Try it
In the listing below, find each line with the string "Banque" and return it.

Dataset records
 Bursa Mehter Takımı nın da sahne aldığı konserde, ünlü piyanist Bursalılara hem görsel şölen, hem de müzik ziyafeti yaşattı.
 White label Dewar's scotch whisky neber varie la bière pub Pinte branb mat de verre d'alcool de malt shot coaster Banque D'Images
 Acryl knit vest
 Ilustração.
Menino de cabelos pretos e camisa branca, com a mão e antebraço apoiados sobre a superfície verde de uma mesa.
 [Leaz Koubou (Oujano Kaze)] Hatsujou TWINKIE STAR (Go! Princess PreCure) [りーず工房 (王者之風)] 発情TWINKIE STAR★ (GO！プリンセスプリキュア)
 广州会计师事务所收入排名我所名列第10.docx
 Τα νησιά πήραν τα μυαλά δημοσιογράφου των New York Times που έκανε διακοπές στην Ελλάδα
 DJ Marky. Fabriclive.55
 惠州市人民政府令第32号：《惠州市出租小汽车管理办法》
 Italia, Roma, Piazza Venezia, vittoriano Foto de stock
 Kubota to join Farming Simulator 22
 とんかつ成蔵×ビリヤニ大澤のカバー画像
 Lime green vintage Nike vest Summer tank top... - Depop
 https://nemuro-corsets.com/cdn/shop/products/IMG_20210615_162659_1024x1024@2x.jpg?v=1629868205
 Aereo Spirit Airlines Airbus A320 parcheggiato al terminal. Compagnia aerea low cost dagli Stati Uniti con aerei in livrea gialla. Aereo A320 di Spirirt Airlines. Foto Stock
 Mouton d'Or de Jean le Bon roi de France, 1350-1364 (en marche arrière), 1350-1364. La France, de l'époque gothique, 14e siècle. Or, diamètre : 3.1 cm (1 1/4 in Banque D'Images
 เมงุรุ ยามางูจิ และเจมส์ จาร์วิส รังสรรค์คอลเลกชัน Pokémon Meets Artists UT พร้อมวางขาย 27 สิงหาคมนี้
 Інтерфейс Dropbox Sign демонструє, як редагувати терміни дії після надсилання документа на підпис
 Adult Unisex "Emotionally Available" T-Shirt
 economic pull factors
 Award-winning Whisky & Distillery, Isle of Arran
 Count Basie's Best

Solution to the problem
 White label Dewar's scotch whisky neber varie la bière pub Pinte branb mat de verre d'alcool de malt shot coaster Banque D'Images
 Mouton d'Or de Jean le Bon roi de France, 1350-1364 (en marche arrière), 1350-1364. La France, de l'époque gothique, 14e siècle. Or, diamètre : 3.1 cm (1 1/4 in Banque D'Images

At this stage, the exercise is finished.